Friday’s over. “Bring Your Frog to Work” Day is done. But the memories of this nearly perfect day will remain. Can a frog bring you luck? I’m pretty sure mine can. Does. Has.
And Frankly, My Dear… that’s all she wrote!
Jun 14, 2012

My friend Mary sent me this photo last week. This turtle came to say hi to her at work. She said it was most likely nesting and laying eggs. A few hours later, the turtle was gone, and there was no sign of any eggs.
I asked her if I could use this photo. First, because it’s just an awesome photo. I mean, look at those eyes! And the size of those claws and feet! I’d hate to tussle with those.
The other reason I wanted to use Mary’s photo is because it reminds me of a story I’d nearly forgotten; one of those funny family tales that I’m sure will be passed down to several generations. Just for the record, I’ve decided to put it here on the blog so there’s no distant-memory-recall-defect.
This is the true story of
Lucky.
I bought my house in September, 2009 and moved in a month later. The yards were overgrown with dried grass, sprawling juniper, and faded, dried branches. During one cleaning excursion I found near the side of the front yard, a pit. It was carved into the ground, and covered with two pieces of wood that had been haphazardly nailed together.
It was a long trench. Nearly three feet long, and a foot deep. It was pretty creepy. And looked as though it could have gone farther. What was its purpose? I’d heard rumors that the previous owner, a fellow cat lover, buried her deceased felines throughout the property. [Don’t worry, this hasn’t been proven… although there are some questionable lumps in the back yard.]
Prior to actually moving in, it didn’t take long for me to hire someone to come in and remove all the dead shrubbery around the house, rake up the dead grass, and fill that ridiculously creepy hole in the ground. [Note to self: in a future blog, explain exactly why creepy yard holes are, well, so creepy.]
It took a few days, but the yard turned out nice. Level. Clean. And filled. I was happy. Dot was happy.

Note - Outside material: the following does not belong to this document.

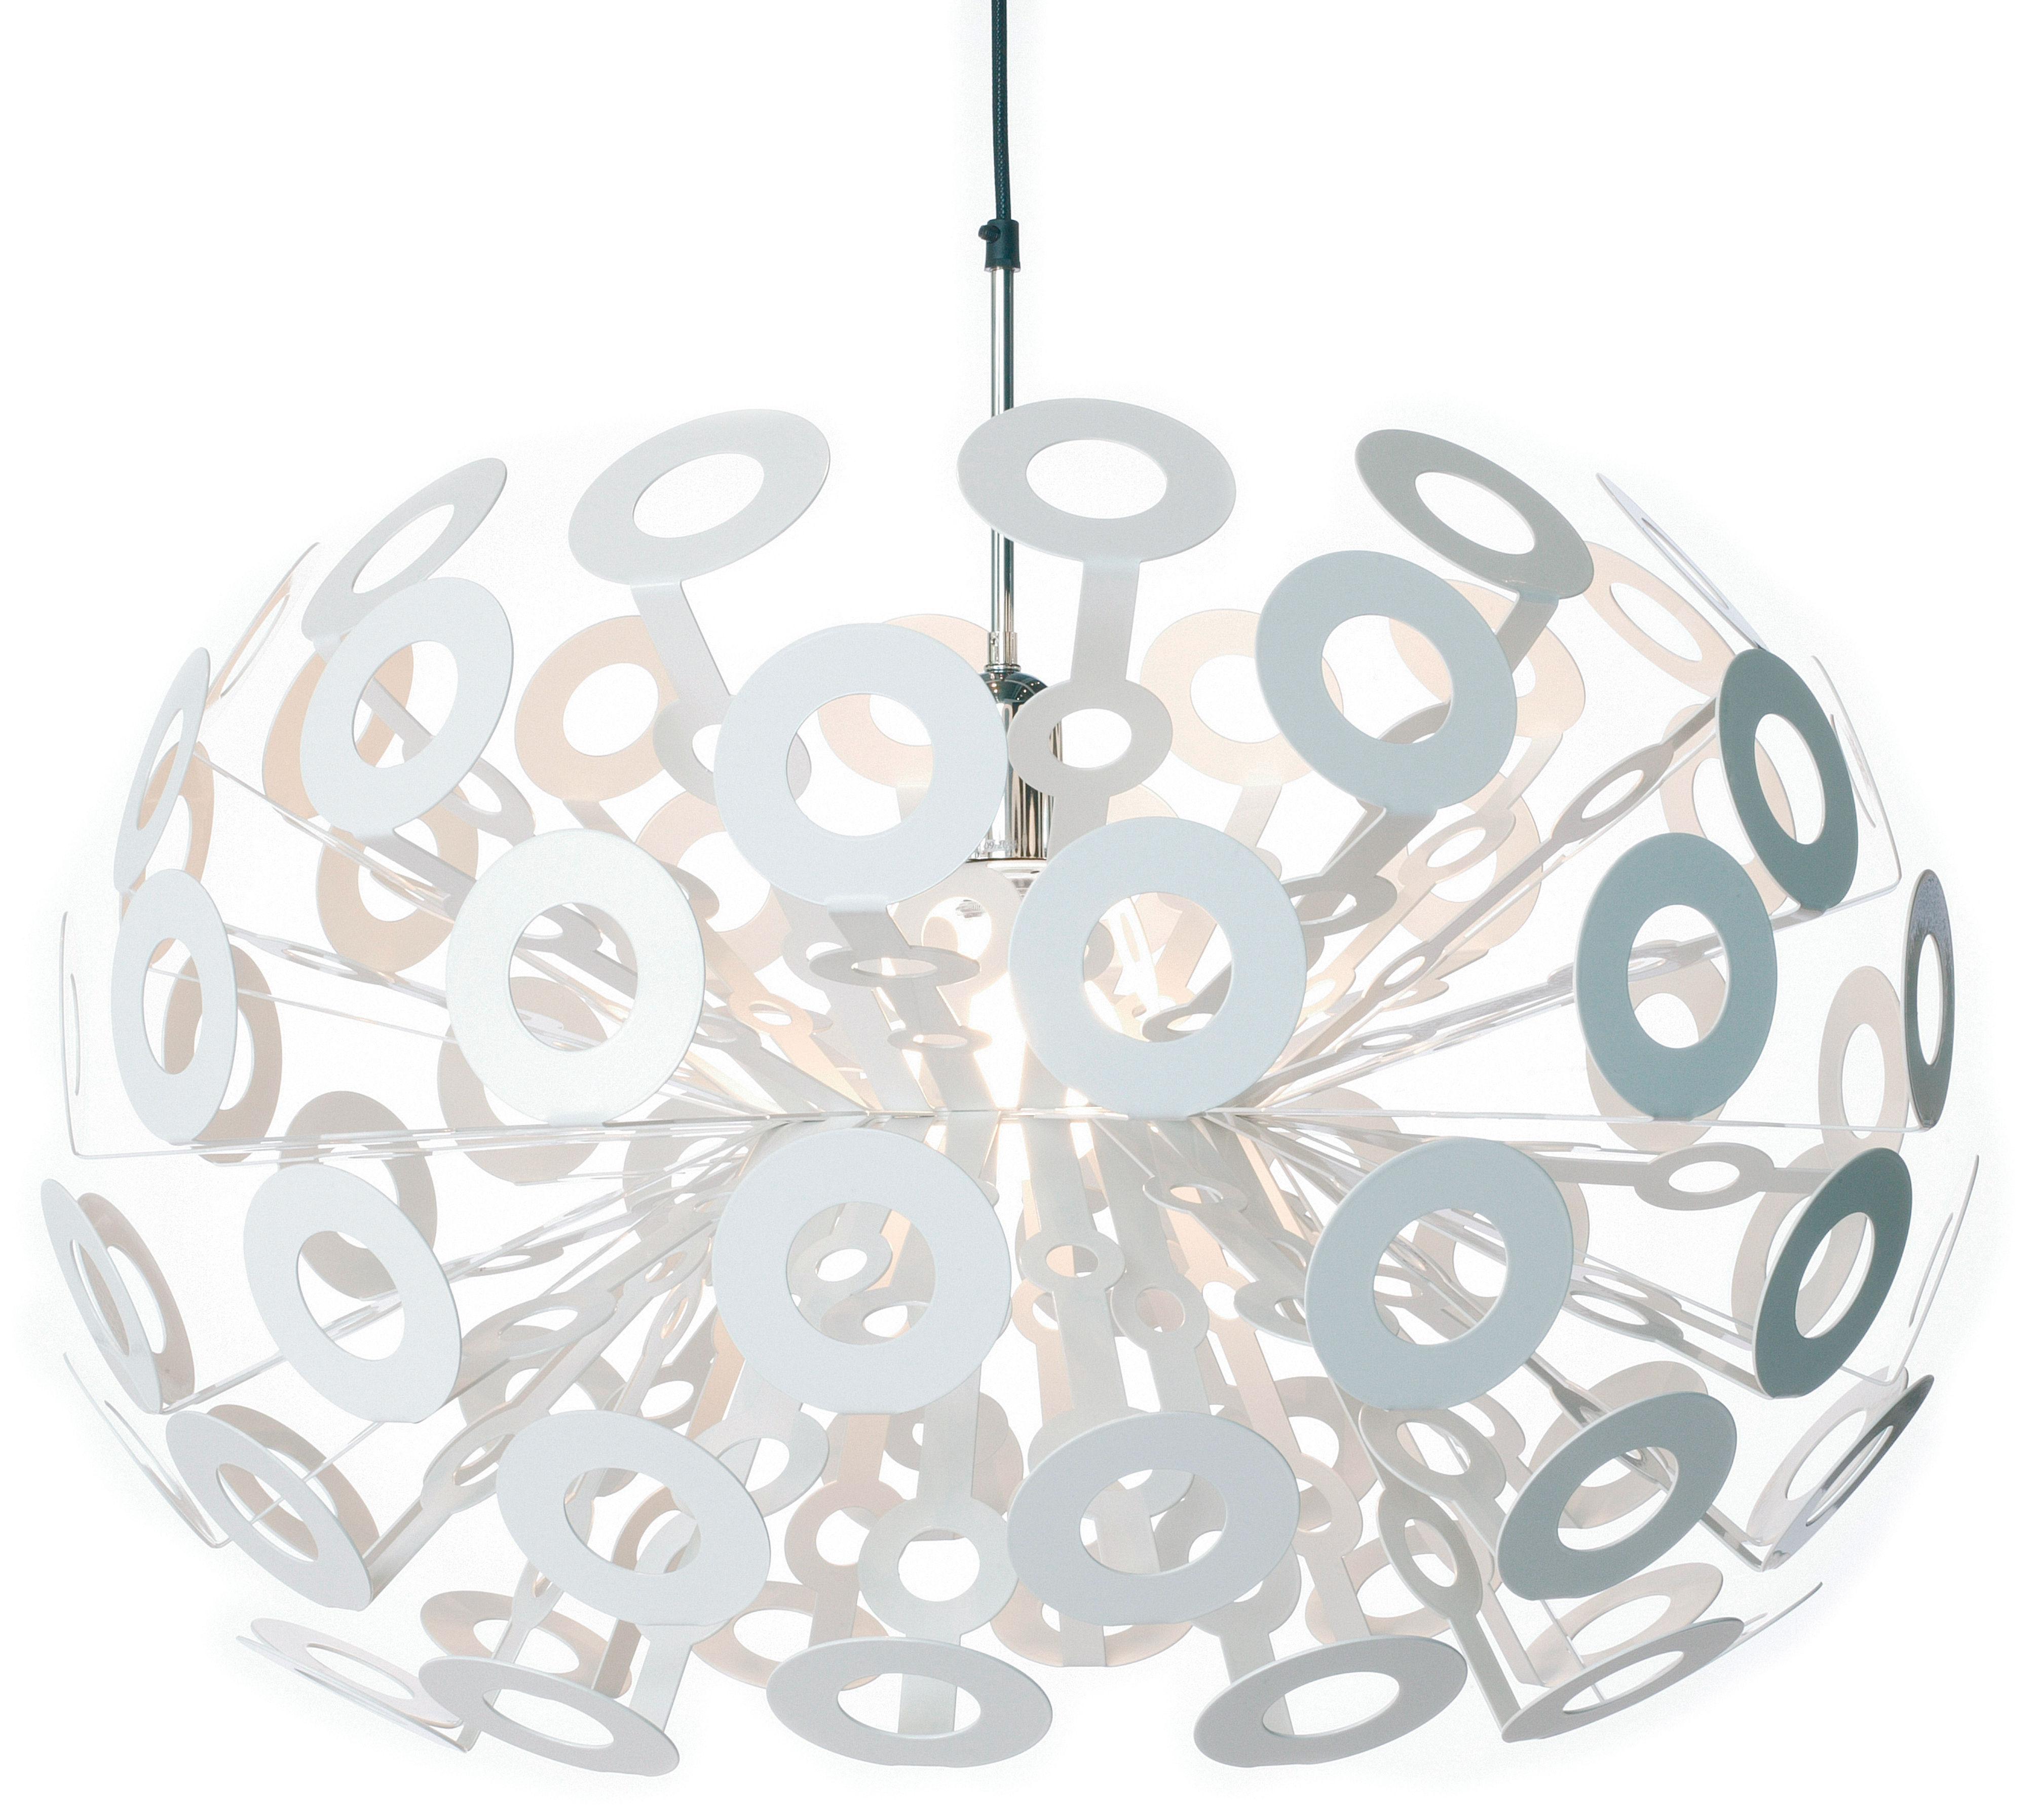 Illuminazione - Lampadari - Sospensione Dandelion di Moooi - Blanc - Acciaio verniciato

And then it happened. I had some friends over. Neighbors were taking a walk. And since my friend’s husband was close to the driveway, they smiled and waved. He smiled and waved back. And they asked him
“Have you seen the turtle yet?”
What can I say? I’ve never seen him. There was no evidence that he’d been around recently. At all. Except, perhaps, they thought he lived under the wood. And only came out about once a year. Which is, research has proven, very typical of the Federally-protected Desert Tortoise.
That is, until This Girl unwittingly had its home brought down upon it. Never to be seen again. Imagine my angst and horror at learning what I’d possibly been responsible for. But, no. It couldn’t be. Because we never saw a trace of the turtle. Not a clue, not a claw, not a foot, not a paw. No residue or tracks or meal scraps or anything.
It’s a safe bet that the turtle had already left the confines of the property, months before I even knew the house existed. After all, there were caretakers and realtors and property people who took care of everything long before I got here.
And if they knew about the cat bones, surely they’d also know about the Federally-protected Desert Tortoise and remove it to a safer location for its own good.
Surely, I can’t be, what my daughter has often called out, a Turtle Murderer.
I prefer to ignore that supposition, and to believe instead, in the lack of other evidence, that he is somewhere else. Healthy. Happy. And
Lucky.
And Frankly, My Dear… that’s all she wrote!